***** Input for this task
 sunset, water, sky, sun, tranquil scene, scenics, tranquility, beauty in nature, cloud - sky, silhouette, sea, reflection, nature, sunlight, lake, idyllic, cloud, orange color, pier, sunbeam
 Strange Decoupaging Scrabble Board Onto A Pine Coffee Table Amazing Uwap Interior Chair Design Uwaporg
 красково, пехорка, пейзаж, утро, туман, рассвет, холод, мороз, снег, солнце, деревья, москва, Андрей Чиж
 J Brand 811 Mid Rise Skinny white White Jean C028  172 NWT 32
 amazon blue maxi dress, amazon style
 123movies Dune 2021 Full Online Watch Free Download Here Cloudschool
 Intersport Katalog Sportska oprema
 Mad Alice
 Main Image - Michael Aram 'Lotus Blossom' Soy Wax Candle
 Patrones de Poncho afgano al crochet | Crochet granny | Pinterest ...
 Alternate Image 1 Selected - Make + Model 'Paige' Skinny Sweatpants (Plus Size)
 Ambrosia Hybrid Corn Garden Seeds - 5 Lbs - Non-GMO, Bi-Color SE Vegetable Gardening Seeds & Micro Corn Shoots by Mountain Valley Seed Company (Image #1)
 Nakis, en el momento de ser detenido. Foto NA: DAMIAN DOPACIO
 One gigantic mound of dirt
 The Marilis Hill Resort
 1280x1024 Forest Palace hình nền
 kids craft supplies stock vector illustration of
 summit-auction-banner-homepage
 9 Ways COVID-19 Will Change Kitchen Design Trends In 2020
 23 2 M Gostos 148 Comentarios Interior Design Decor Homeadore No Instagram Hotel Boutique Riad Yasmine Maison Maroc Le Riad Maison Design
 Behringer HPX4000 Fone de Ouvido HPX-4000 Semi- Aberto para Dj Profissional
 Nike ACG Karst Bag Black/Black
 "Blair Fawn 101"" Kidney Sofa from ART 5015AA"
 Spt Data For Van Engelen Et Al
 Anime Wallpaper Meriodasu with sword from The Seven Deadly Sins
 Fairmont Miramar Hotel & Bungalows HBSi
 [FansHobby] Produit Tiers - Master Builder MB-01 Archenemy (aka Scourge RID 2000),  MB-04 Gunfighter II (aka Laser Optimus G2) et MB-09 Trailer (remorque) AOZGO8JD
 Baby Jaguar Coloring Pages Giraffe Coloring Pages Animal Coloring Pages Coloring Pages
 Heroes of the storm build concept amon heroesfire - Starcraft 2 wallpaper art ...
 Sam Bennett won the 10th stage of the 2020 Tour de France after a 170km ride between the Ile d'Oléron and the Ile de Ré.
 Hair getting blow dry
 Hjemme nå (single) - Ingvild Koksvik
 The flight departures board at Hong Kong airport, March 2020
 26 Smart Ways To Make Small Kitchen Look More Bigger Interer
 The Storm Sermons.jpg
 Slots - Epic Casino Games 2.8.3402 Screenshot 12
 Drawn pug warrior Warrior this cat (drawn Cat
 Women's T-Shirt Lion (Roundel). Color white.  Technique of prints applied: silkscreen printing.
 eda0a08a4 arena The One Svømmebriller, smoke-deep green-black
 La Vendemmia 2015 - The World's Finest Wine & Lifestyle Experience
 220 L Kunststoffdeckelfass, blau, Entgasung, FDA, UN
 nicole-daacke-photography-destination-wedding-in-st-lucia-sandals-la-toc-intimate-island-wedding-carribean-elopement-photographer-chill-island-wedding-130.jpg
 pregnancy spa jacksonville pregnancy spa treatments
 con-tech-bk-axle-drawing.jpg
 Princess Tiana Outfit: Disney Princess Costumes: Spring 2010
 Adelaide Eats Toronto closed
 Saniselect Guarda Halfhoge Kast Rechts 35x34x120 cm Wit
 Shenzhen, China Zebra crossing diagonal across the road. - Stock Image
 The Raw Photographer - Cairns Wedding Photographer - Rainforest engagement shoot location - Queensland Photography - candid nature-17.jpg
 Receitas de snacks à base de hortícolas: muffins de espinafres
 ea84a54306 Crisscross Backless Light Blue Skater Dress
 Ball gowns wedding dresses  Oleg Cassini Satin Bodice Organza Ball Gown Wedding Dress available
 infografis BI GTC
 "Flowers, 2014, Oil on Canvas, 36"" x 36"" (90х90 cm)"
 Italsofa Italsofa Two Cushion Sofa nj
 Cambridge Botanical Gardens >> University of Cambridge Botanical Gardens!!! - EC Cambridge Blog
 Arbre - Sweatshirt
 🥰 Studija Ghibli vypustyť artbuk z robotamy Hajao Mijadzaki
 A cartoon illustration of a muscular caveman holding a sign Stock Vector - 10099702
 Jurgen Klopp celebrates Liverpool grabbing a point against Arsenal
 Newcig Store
**********
How many lines in the entries above hold the string "Sofa"? Answer with the number and nothing more.

◆ Solution below ◆
2